The ancestry of every bird alive today can be traced back to a single “Founding Feathered Father” that lived in South America 95 million years ago, according to a new study.
The common ancestor of living birds, described in the journal Science Advances, likely lived much later than previously estimated. Prior reports suggested that the founding bird lived up to 170 million years ago during the Jurassic Period.
Dinosaurs (that didn’t evolve into birds) were still prevalent in South America 95 million years ago, yet the Founding Feathered Father would have been a standout.
“This ancestor would have looked like a bird, not like a dinosaur, and might have been capable of full flight, like many other birds from the Late Cretaceous,” co-author Joel Cracraft of the American Museum of Natural History’s Department of Ornithology told Discovery News.
The “many other birds” he mentioned went extinct, however, with just the one South American species being a direct ancestor of today’s birds.
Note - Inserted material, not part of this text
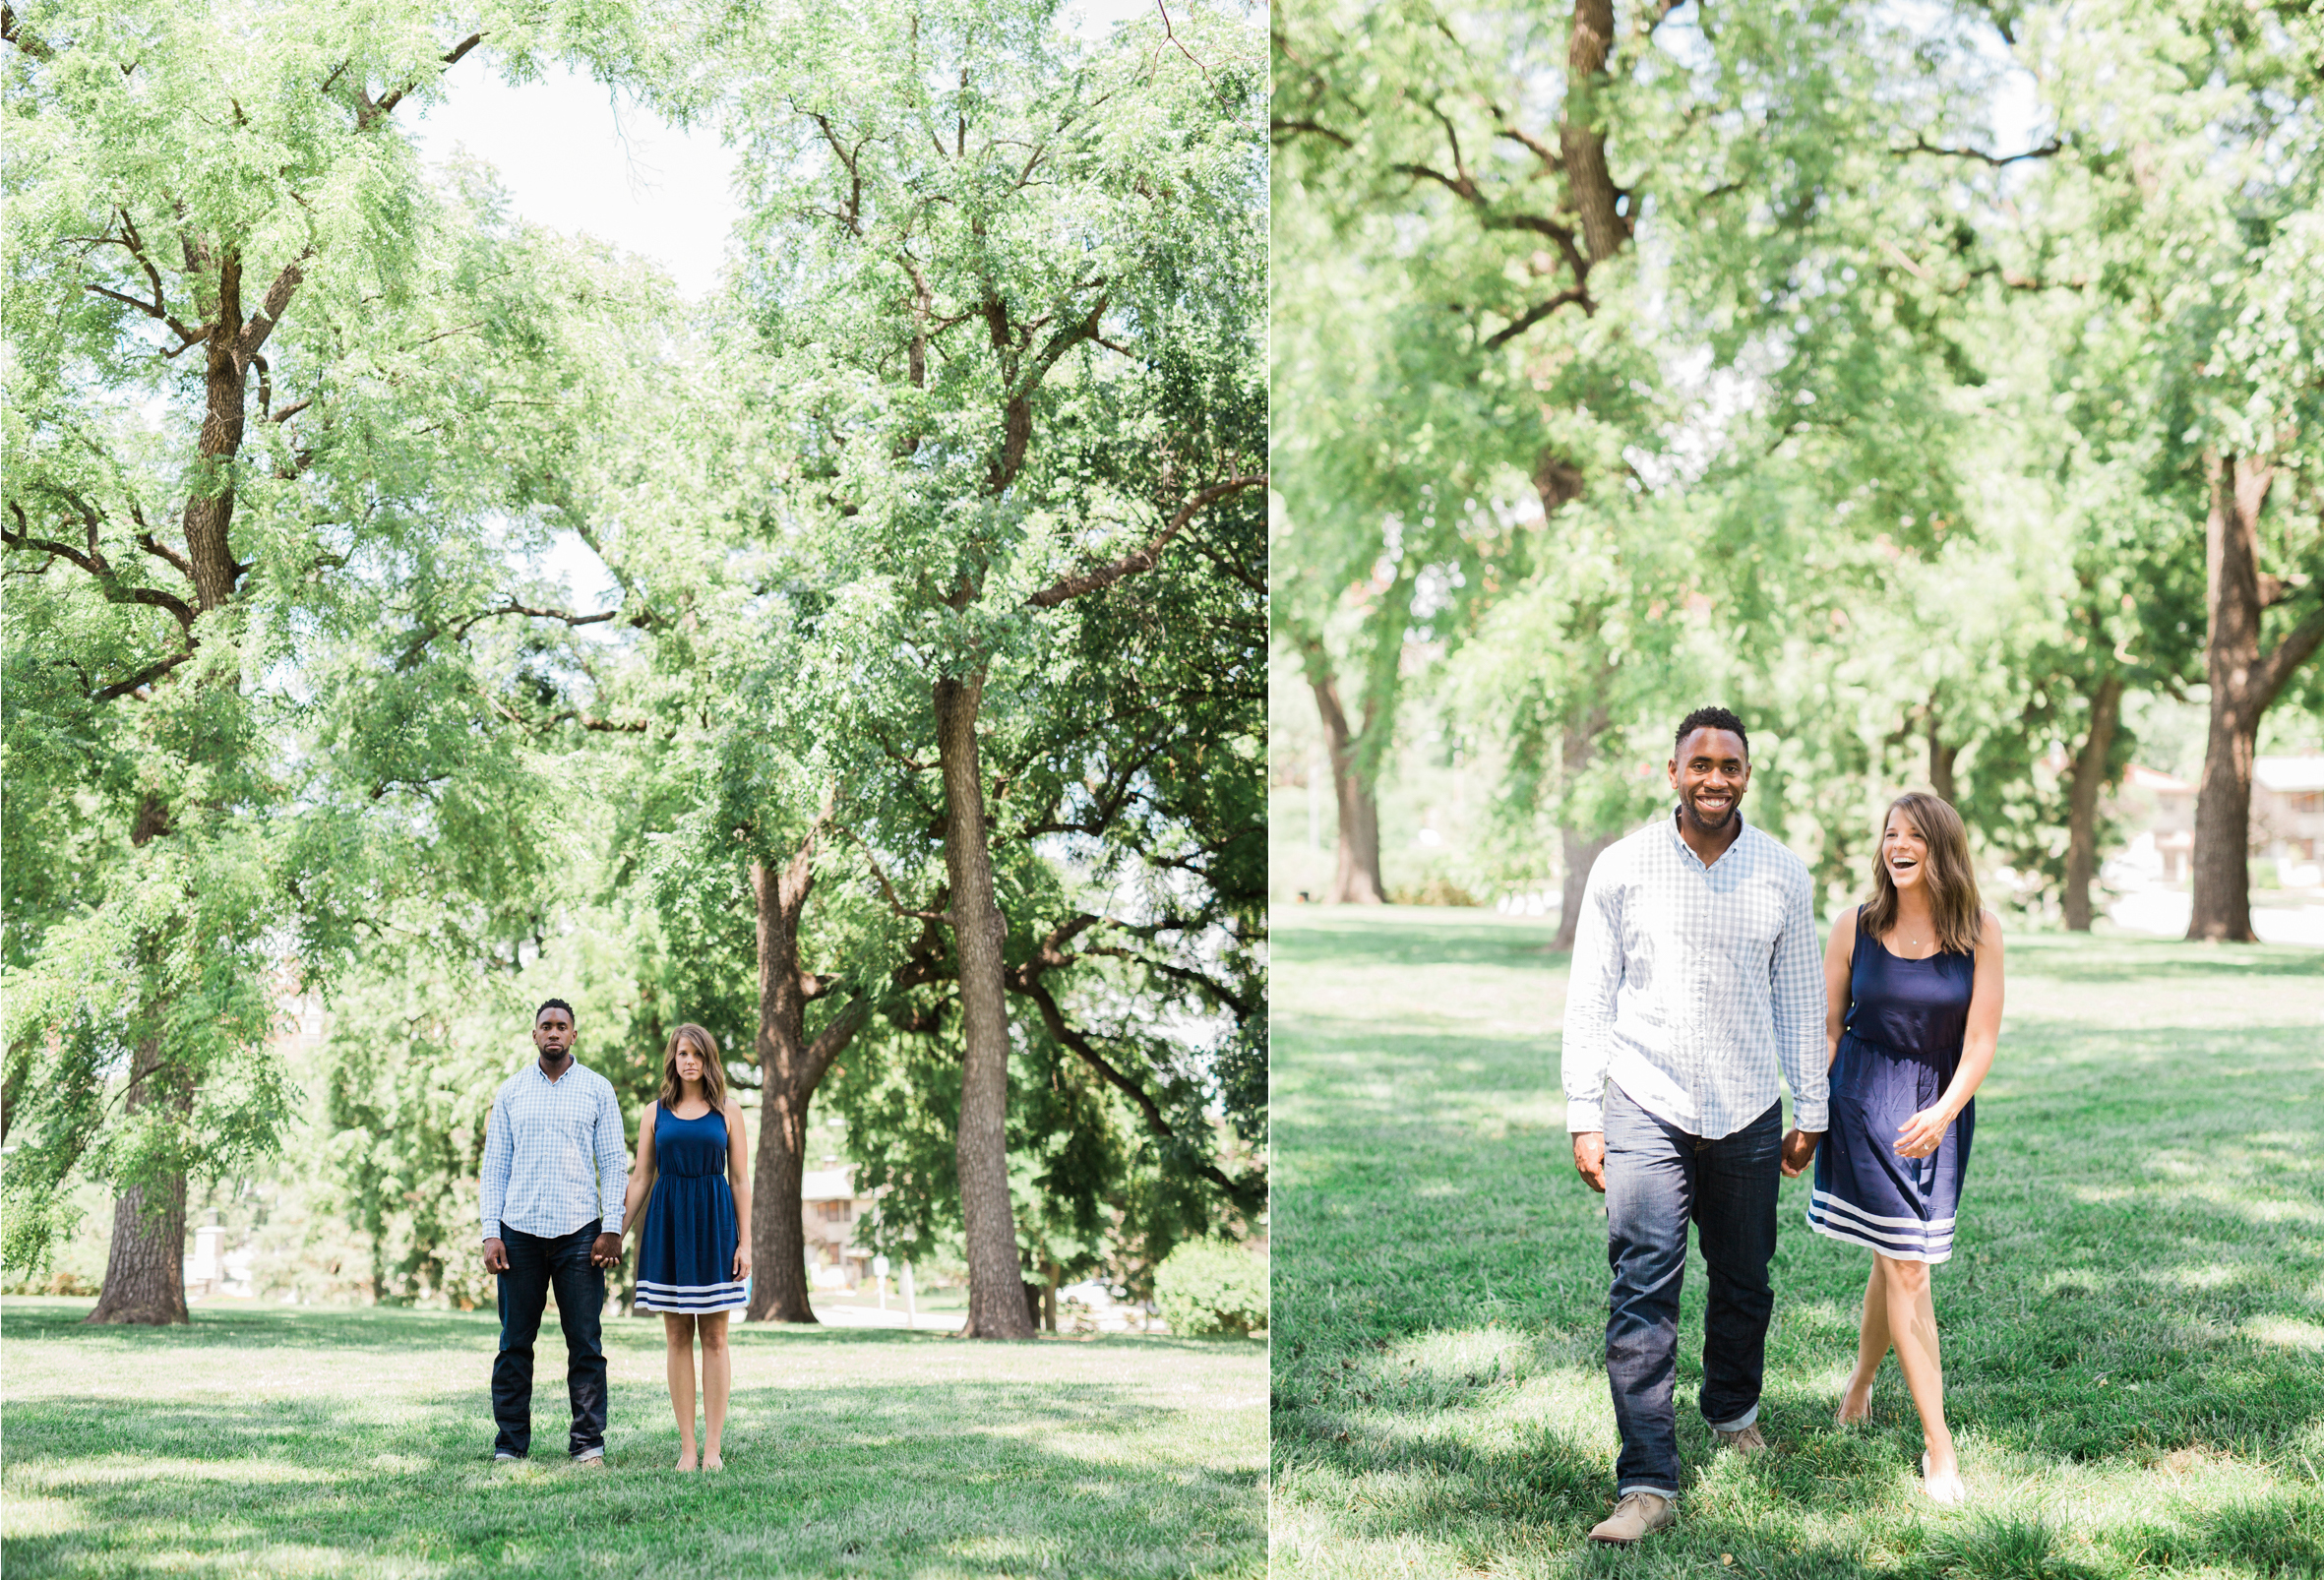 LegacyUnion-Wedding-Photographer-Glendale-CA-4 copy.jpg
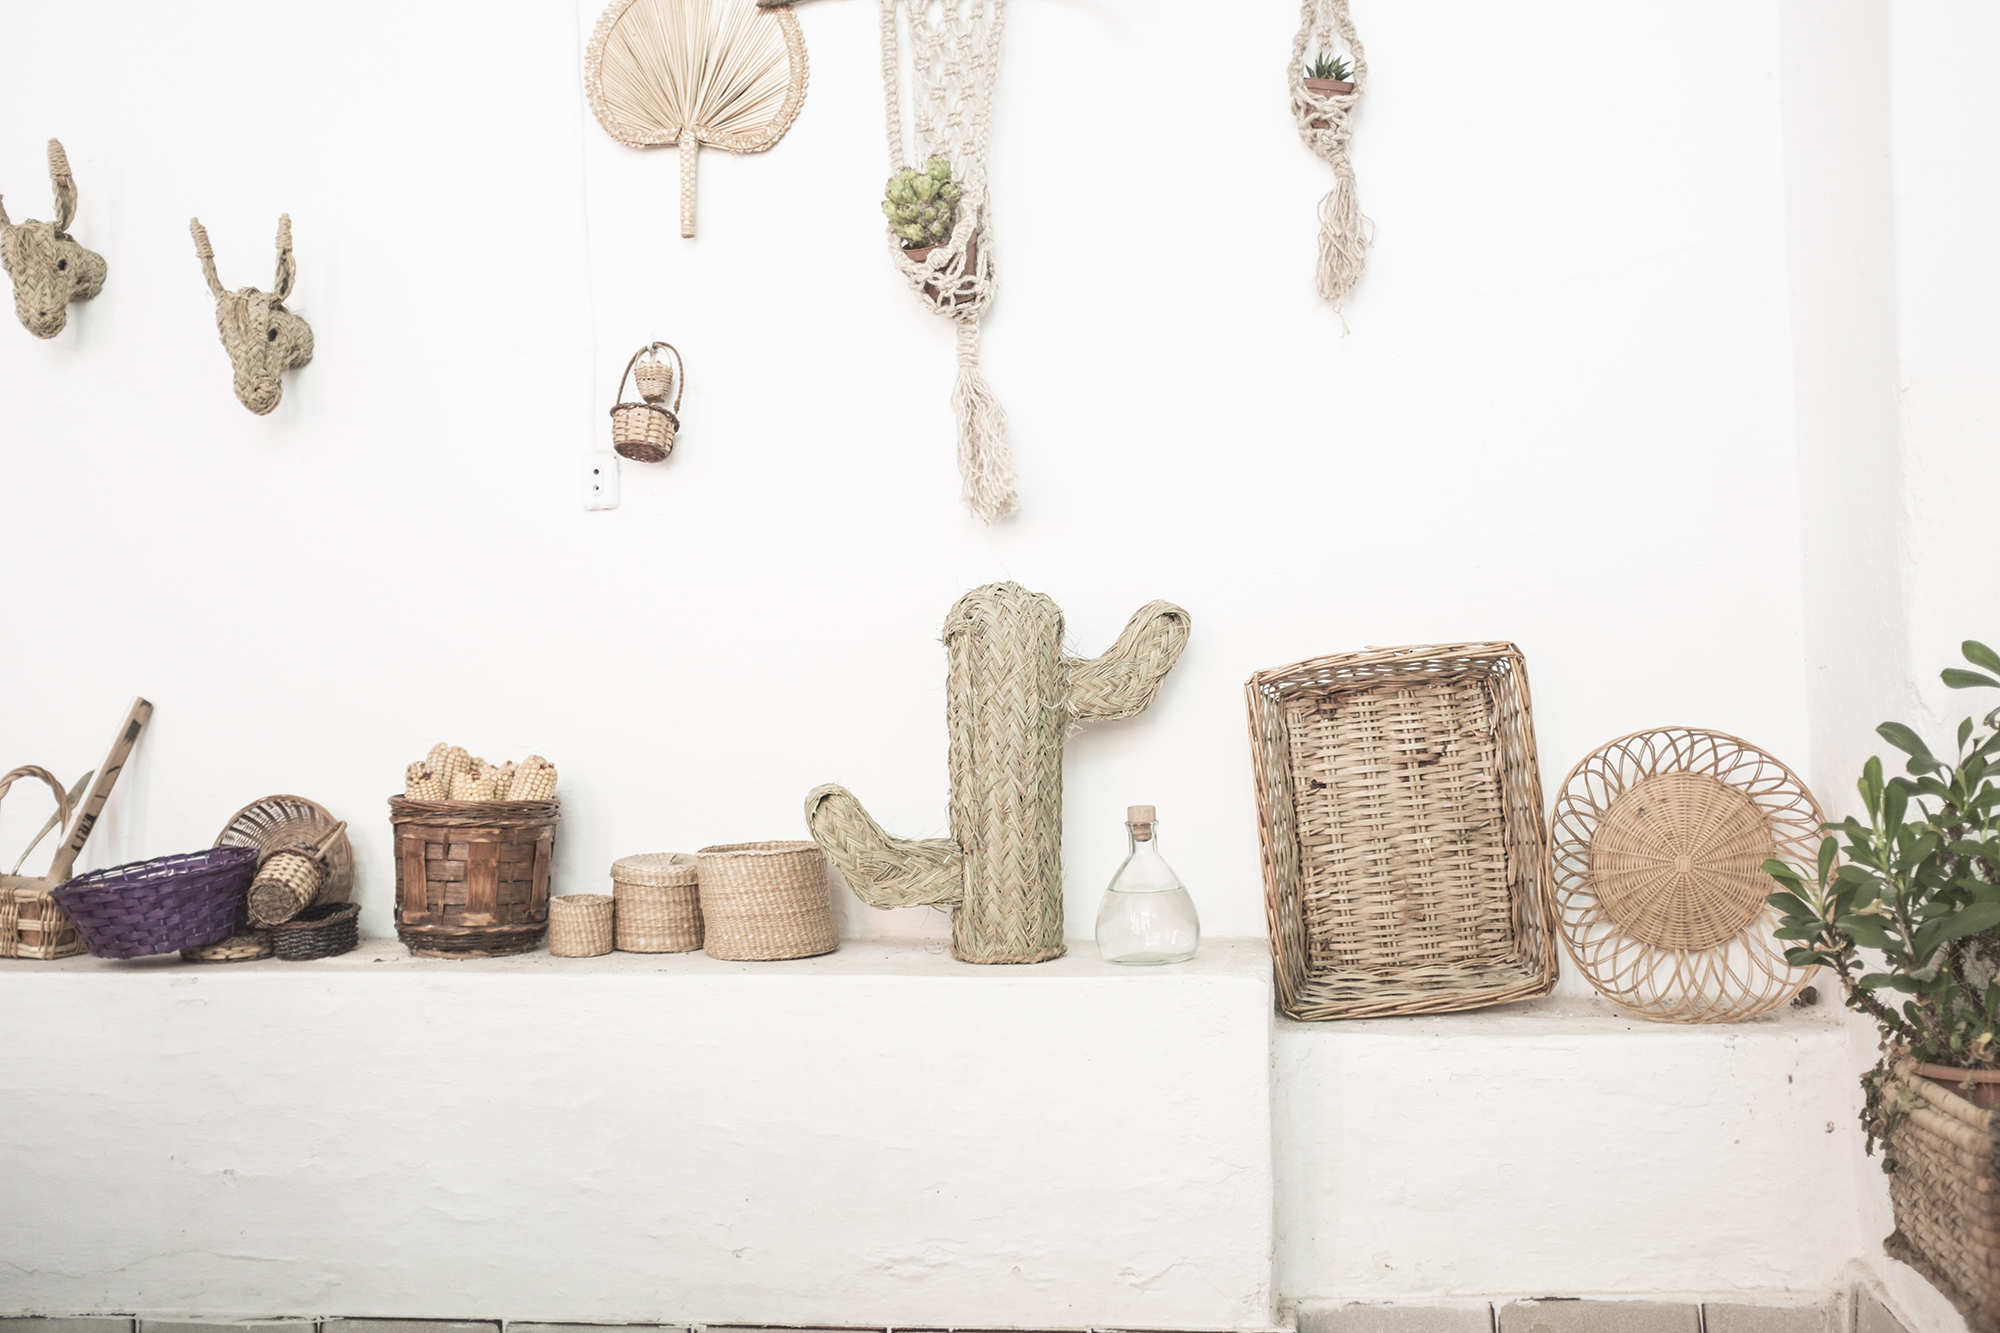 cactus natural mimbre palma hecho a mano artesania española

For the study, Cracraft and colleague Santiago Claramunt, also from the AMNH, estimated the age of modern birds using molecular clocks calibrated with information obtained from 130 fossils representing all major bird families.
While the genetic data strongly indicates when and where the bird ancestor lived, the precise identity of this species remains a great mystery, even with the new evidence.
“There are no good candidates for this common ancestor of modern birds,” Cracraft said. “The avian fossil record of the Late Cretaceous of South America and West Antarctica is poor and fragmentary.”
The researchers were, however, able to determine that the common ancestor lived in South America for at least 25 million years before major changes started to occur. Different species began to rapidly originate from the Founding Feathered Father. This branching off of species is known to biologists as diversification.
“Rapid diversification around 66 million years ago has been interpreted as the effect of empty ecological niches left by the mass extinction (which killed off the dinosaurs and many other animals),” Claramunt said. “But our results show that rapid diversification began before the mass extinction event and coinciding with a long-term cooling trend at the end of the Cretaceous.”
During this cooling trend, some members of the founding bird’s population left South America. These birds, evolving into various different species along the way, reached Africa, Europe and Asia through North America. Early bird populations also made their way to Australia and to New Zealand through Antarctica.
The authors then believe that both environmental change and plate tectonics affected bird evolution. The latter happens in many ways, they explained. By connecting and disconnecting land, plate movements impact travel routes, even for flying animals. The resulting land formations can then affect climate, with topographical changes, such as the rise of mountains, influencing weather trends and temperatures.